Is My Orchid Dormant?

So, your leaves are still attached. They might be a little floppy, flat, and blah, but at least they're still on there!

However, your "Phal" plant has likely lost (or is losing) its blossoms. This is a normal part of orchid dormancy. Again, flowers last only a few short months. So, eventually, you will see them wilt and drop one-by-one. Tip: pluck off your dead blooms to conserve plant energy and keep the other blossoms going longer!

Once the last of your blooms fall off, your flower spikes are the next to go. It's important to remember to cut the spikes off as soon as they start yellowing. If you skip this step and the spikes begin to rot, they can pose a threat to your orchid's crown. The crown is arguably the heart of your "Phal" orchid; it's where the leaves and the spikes connect. It is challenging (maybe impossible) to recover from crown rot, which should motivate you to go ahead and cut off your yellowing spikes!

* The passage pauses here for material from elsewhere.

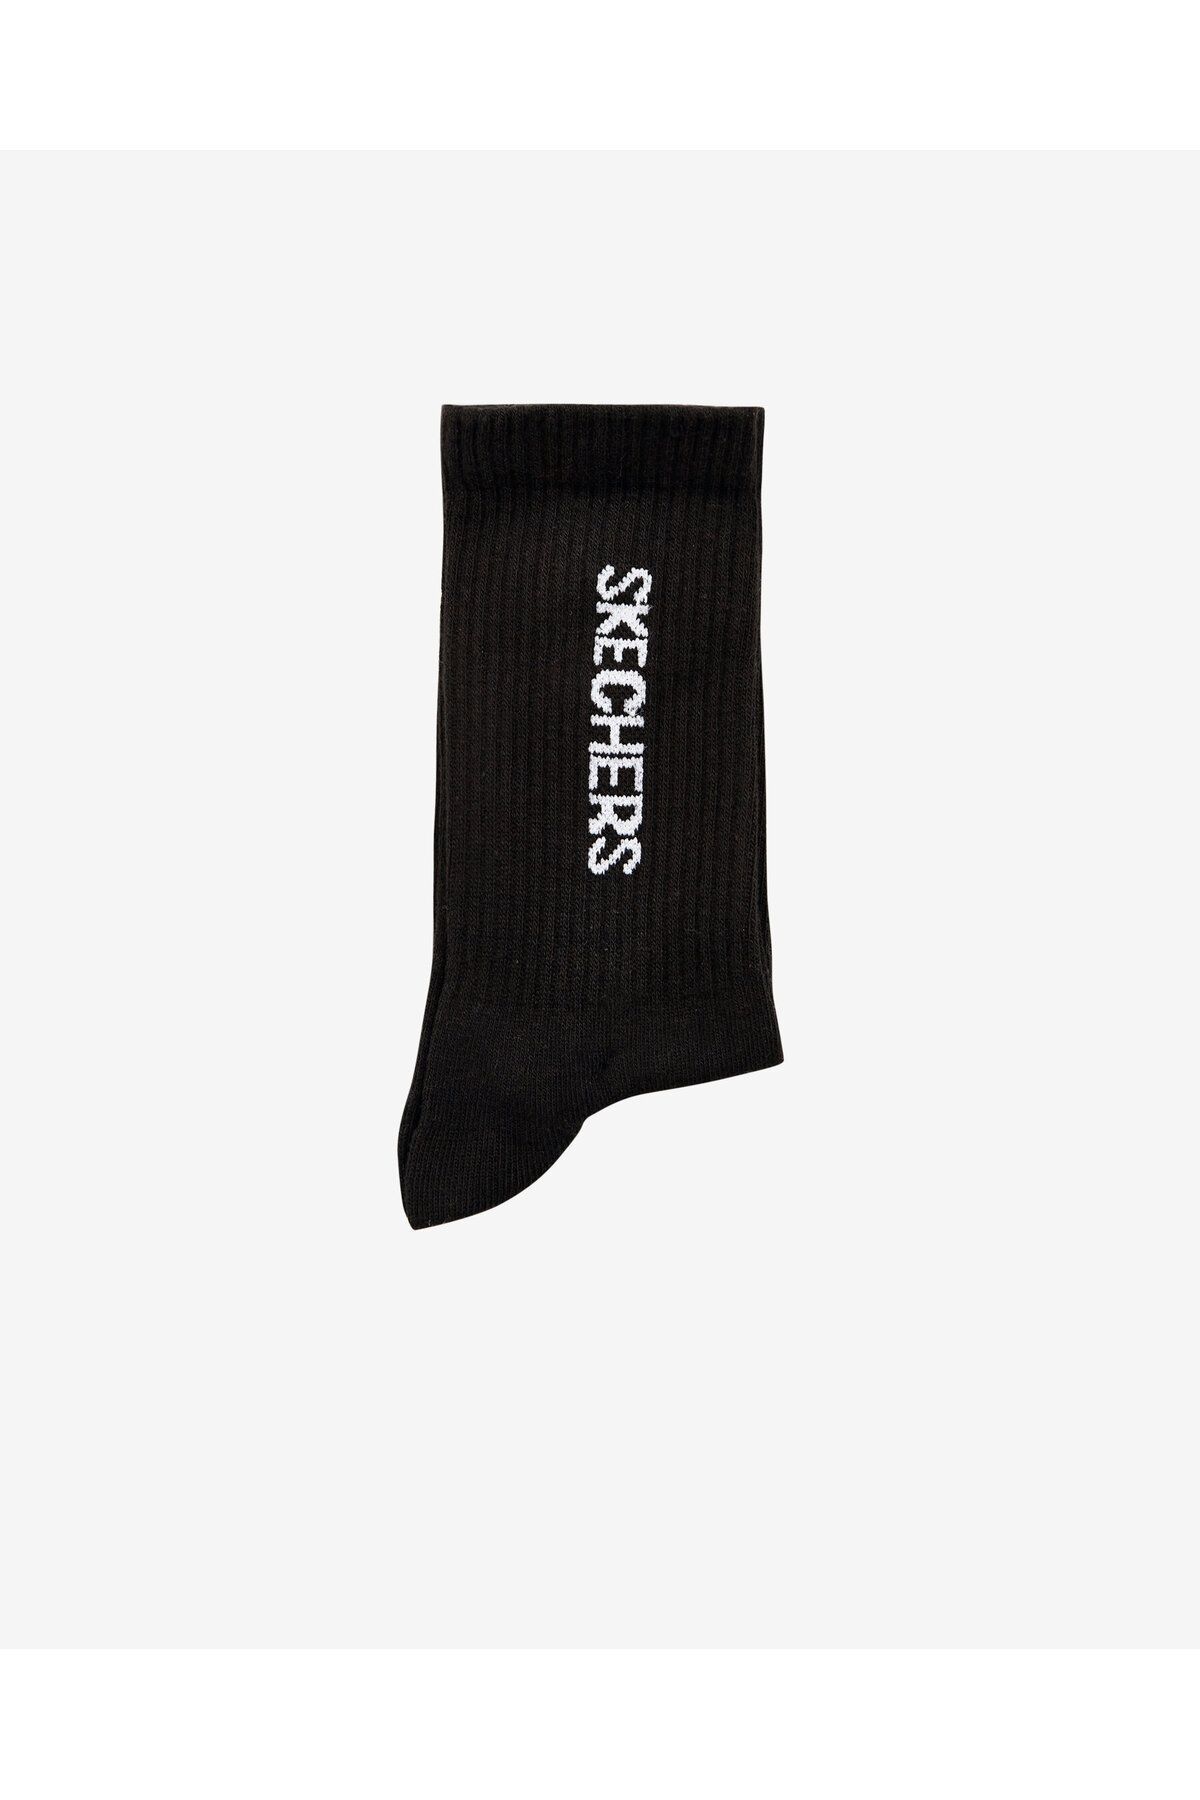 Skechers U Crew Cut Sock Unisex Siyah Çorap S221513-001

How to Wake Up My Orchid from Dormancy

In nature, orchids bloom in the spring-summer months and rest once the weather becomes colder. However, nowadays, you can purchase a healthy, blooming orchid any month of the year. Nurseries have mastered the art of providing the orchids with perfect conditions so that they get to you in their full glory. But, this can cause some confusion for your plant (and you too).

For example, maybe you purchase your plant in November. It's simply beautiful! But, eventually, it goes through this natural process after blooming. The question is, though: will it bloom again next November? The upcoming spring? Or next spring? Much can depend on you! You can do a lot to induce dormancy in your orchid, which will make it easier to wake it up in the future. So, what are the steps?

How to Induce Dormancy


Orchids go dormant when the weather gets cooler. This doesn't mean you have to wear scarves and wool socks inside; no, even just a few degrees lower can make a big difference!

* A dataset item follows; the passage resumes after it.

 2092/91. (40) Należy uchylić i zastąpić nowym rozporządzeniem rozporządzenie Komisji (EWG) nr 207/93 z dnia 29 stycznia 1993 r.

Winter also means shorter days, which translates into less light. (Yes, artificial light counts too!) Keep your plant's room lit only 12-14 hours a day, instead of 14-16 hours. Maybe you can move your orchid into an office or another place you don't spend evening hours in.

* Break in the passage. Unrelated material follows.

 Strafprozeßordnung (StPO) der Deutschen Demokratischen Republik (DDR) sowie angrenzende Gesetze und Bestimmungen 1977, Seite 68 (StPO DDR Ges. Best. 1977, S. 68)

Your "Phal" orchid is also used to less water during its dormant months. When the conditions are right, change your watering habits, and allow your plant to dry out more-so between waterings.

You may be thinking, 'I want to wake my orchid up! Why are you telling me how to lull it to sleep?' This is why: Maintaining the same conditions for your orchid year-round is one of the #1 reasons why it's not reblooming. Your orchid needs a good night's sleep before it's ready to wake up again.

How to Care for a Dormant Orchid

In our minds, no flowers = no success. But, a dormant orchid is actually making progress. This is their time to grow leaves and roots. So, how do you take care of your sleeping plant, preparing it for springtime gratification?


These are your orchid's growing months! Continue to fertilize with a balanced fertilizer (20-20-20) at half-strength. This means that your orchid will be bigger and better after it comes out of dormancy.


This is the perfect time to repot your plant. When you remove it from the soil, give it a check-up. If any roots are grey and crispy, go ahead and cut them off. You want your orchid to put its energy into new growth, not trying to sustain half-dead roots. This also gives you the chance to inspect the crown of your plant! Make sure it's hard to the touch and green!

Temperature, Light, and Water: Continue the routine that induced your orchid into dormancy. (Listed above.)

The Reblooming Process

After 6-9 months, you should start to notice a new spike developing on your mini plant. Oh, happy day! This means that your orchid is rested up and ready to start blooming again.

Once you notice this growing spike, put your orchid back in its original conditions: a little bit warmer, brighter location, with a weekly watering regimen.